Pounding black ash for basket-making

Black ash is one of the sources of raw material for Native American basket makers. They de-bark and then pound the logs to produce long, pliable strips. Henry Arquette showed NCPR’s Gregory Warner how to make splints from a black ash log in 2007:

Henry Arquette: Okay, when you do this you’ve gotta hit every inch of this log.

Gregory Warner: 74 year old Henry Arquette is a Awkwesasne Mohawk and basket maker. I joined him in his basement workshop on the reservation.

HA: When I was a kid I would get up in the morning and most people done it outside. And you can hear people all over the place pounding logs—that sound carries a long ways.

GW: After Arquette pounds the wood, he peels it. The strips are malleable—good for weaving.

GW: It’s incredible that it just comes off in strips of that”

HA: “Yeah, when you pound it that’s what loosens it.

GW: No other kind of tree does that?

HA: I’ve never tried any other kind of trees. This is what they’ve been doing for generations. It works—they knew what they were doing, I guess.

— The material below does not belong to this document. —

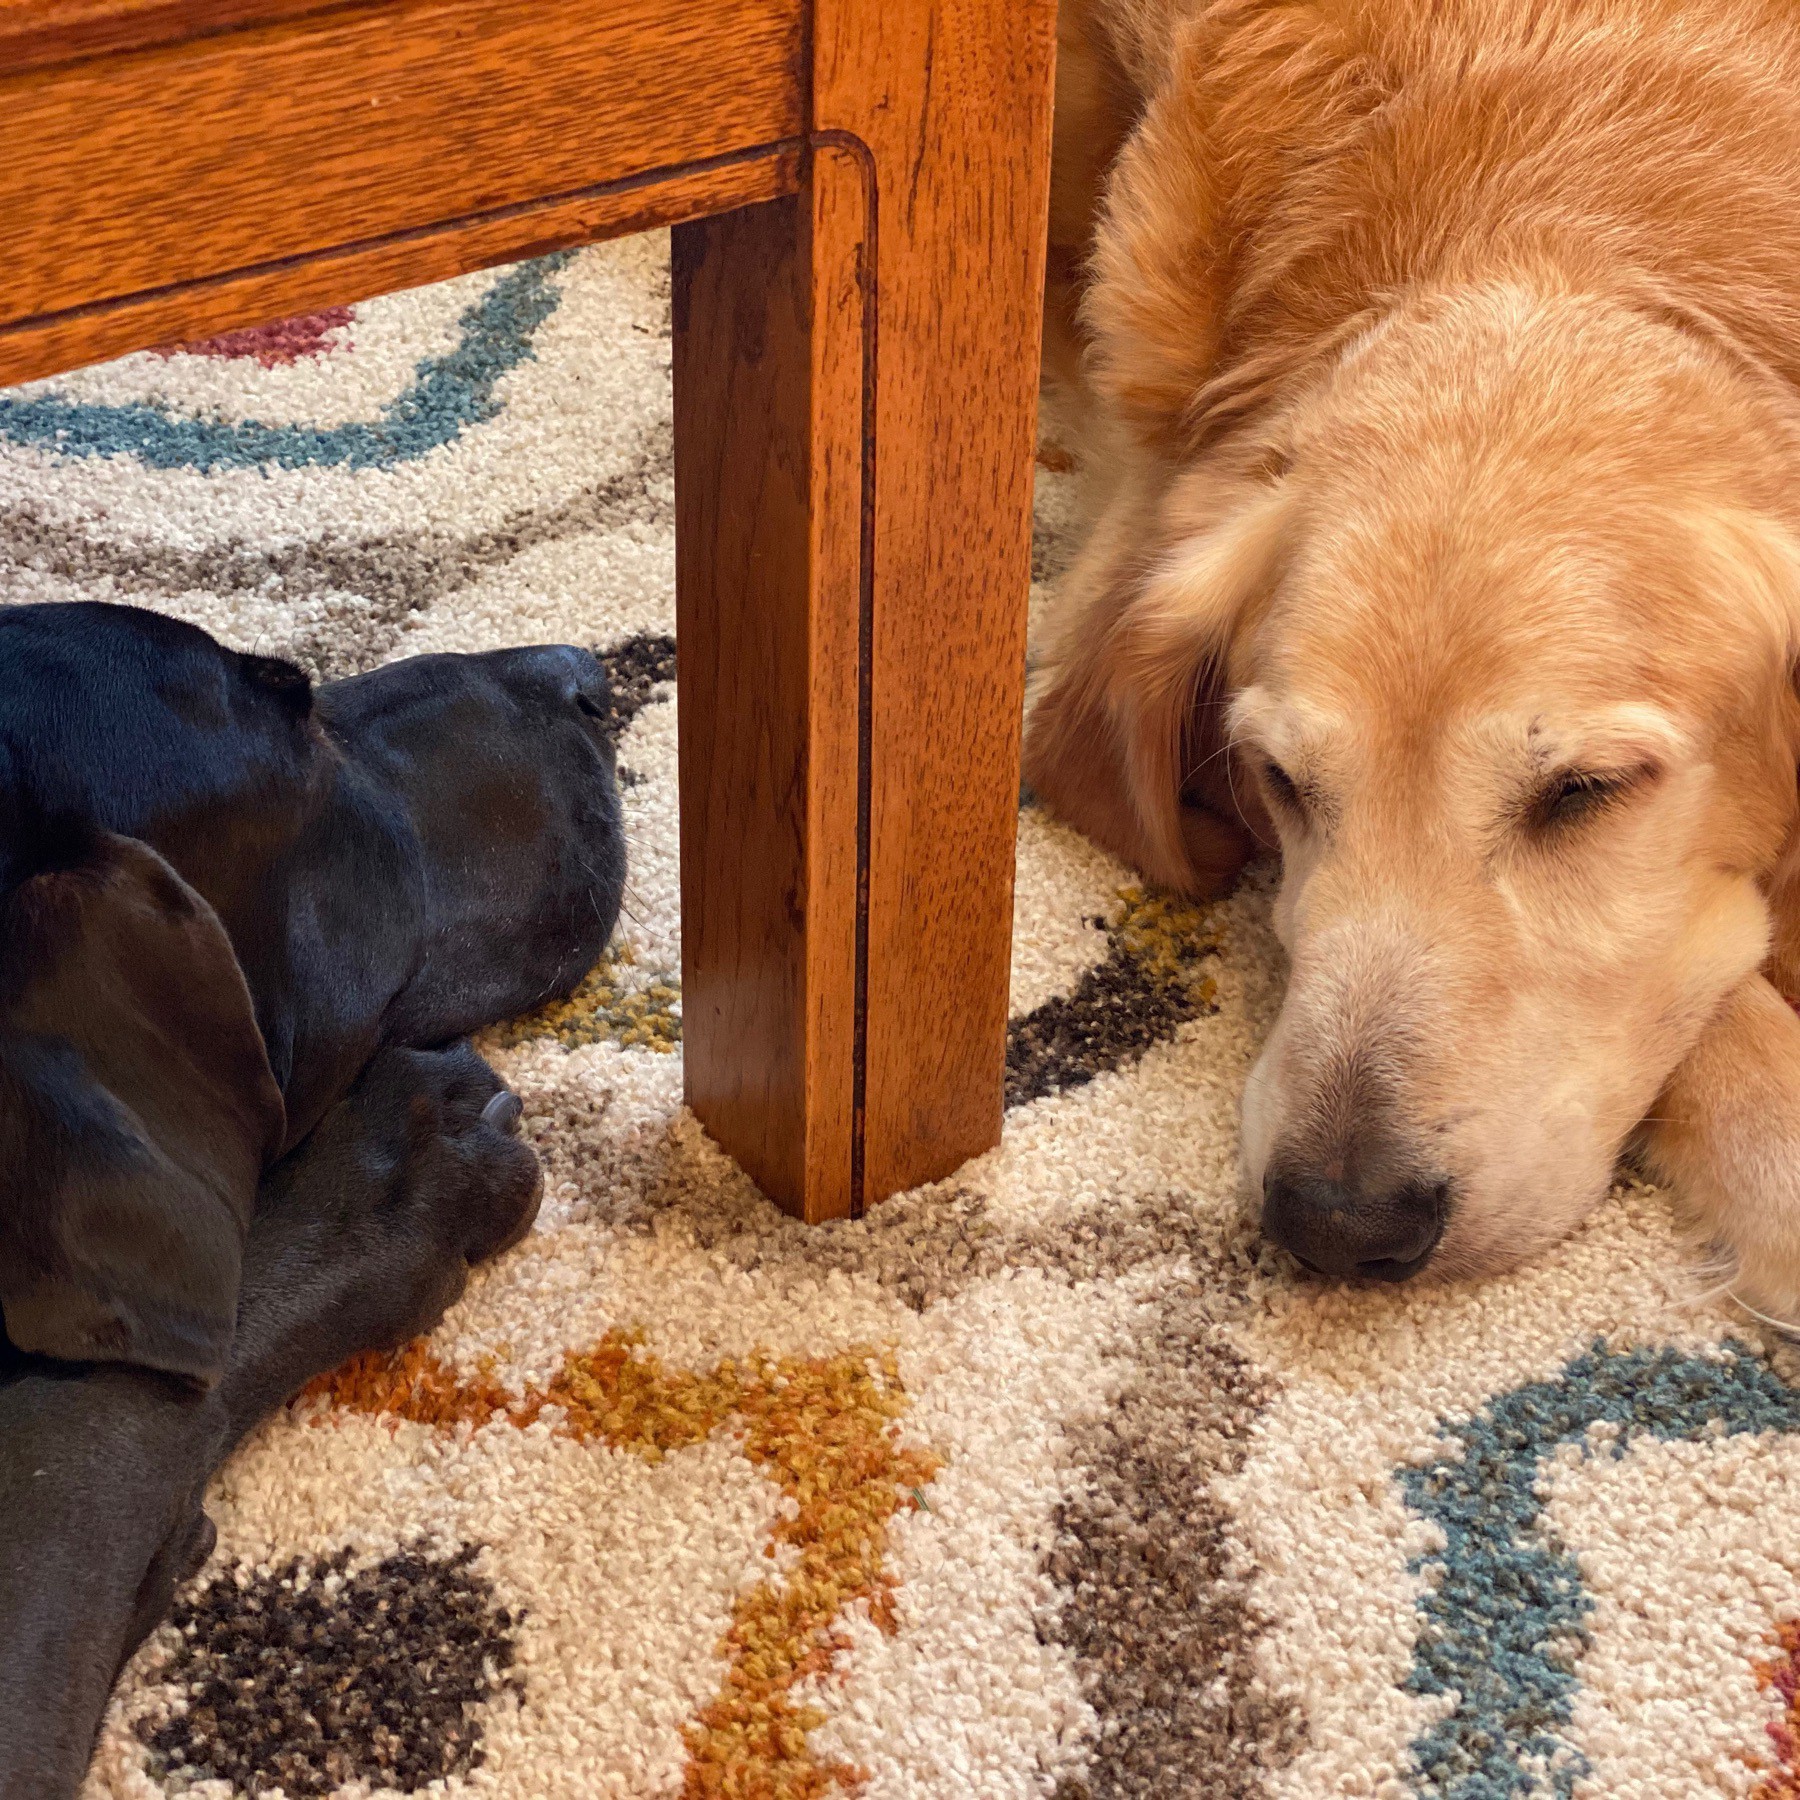 Dogs sleeping on carpet.

Martha Foley has two picnic baskets made by Arquette, one from the 1970s, and a new one in case the old one ever wears out. Photo: Martha Foley
Martha Foley has two picnic baskets made by Arquette, one from the 1970s, and a new one in case the old one ever wears out. Photo: Martha Foley
Arquette was an ironworker who spent much of his adult life working on construction of bridges and skyscrapers in eastern cities. He learned to make baskets from his father. Now he’s the teacher. Dozens have taken his classes over the years. 

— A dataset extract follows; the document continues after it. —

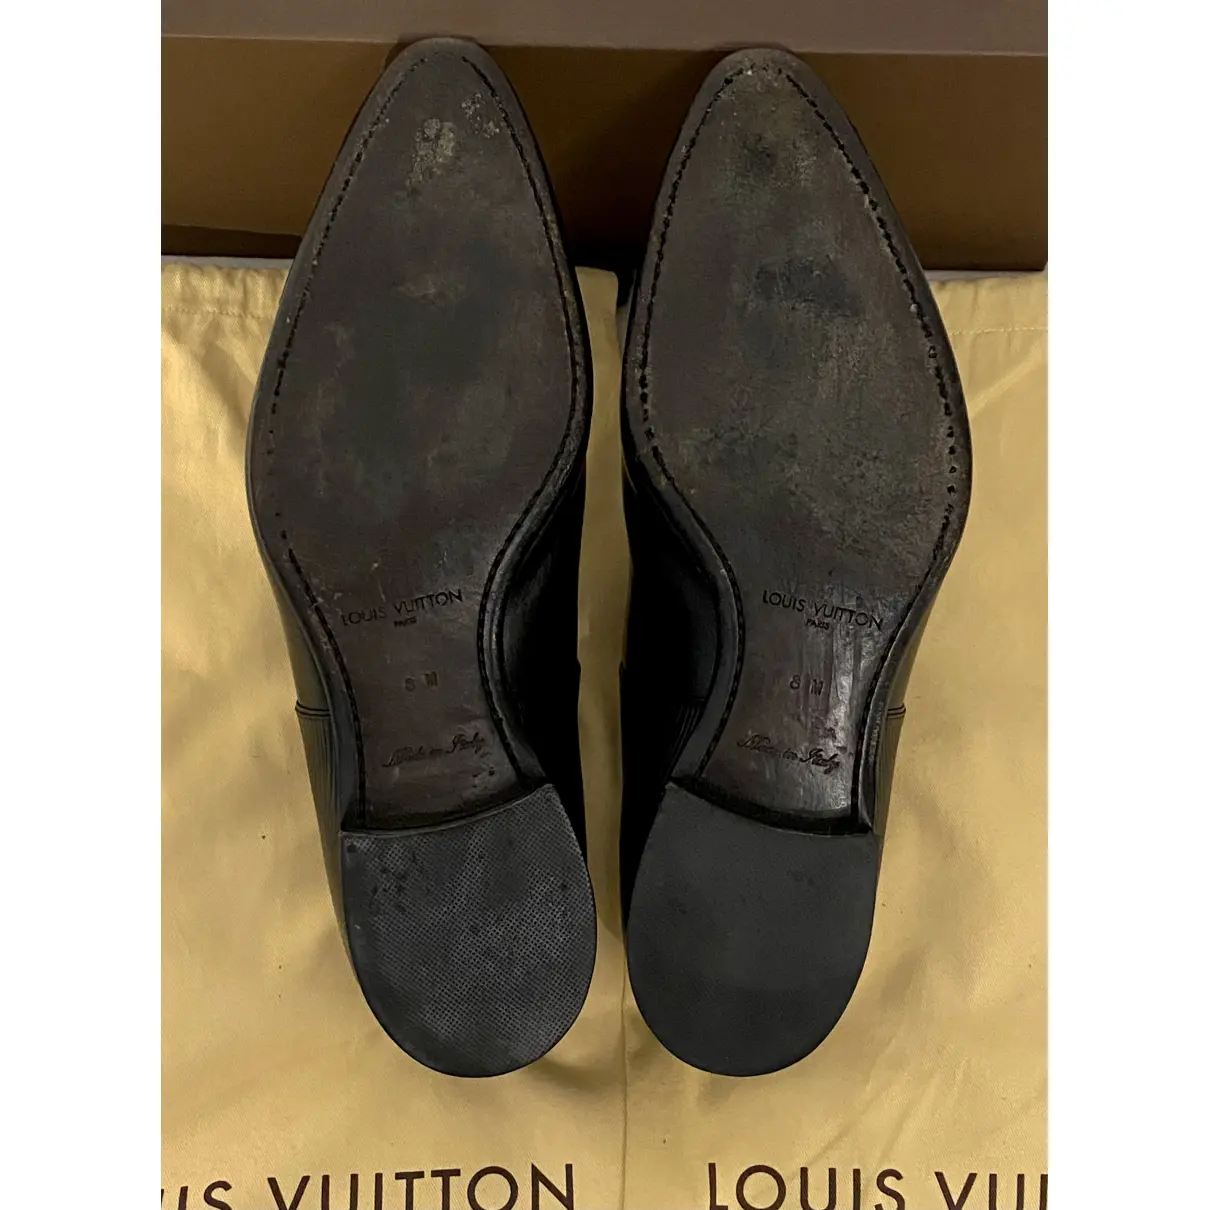 Solférino leather lace ups Louis Vuitton

Mohawks are known for their sweetgrass “fancy baskets,” made mostly by women and sold for souvenir or decorative purposes.

But Arquette makes much older baskets, designs that have long served as work baskets: pack baskets, market baskets, corn washers, picnic baskets, and more. His baskets are known for their strength and durability, as well as their beauty. 

Since 1982, the NEA has honored 17 basketmakers. However, this is the first time an artist practicing Mohawk basketweaving is receiving this award.

NEA Chairman Jane Chu said that among these thirteen recipients of NEA National Heritage and Jazz Masters Fellowships there is a recurring theme. “Starting at a young age, these individuals were exposed to the arts. Today these artists' passion for their art can be seen both in their long and dedicated careers and their willingness to share their knowledge with new audiences."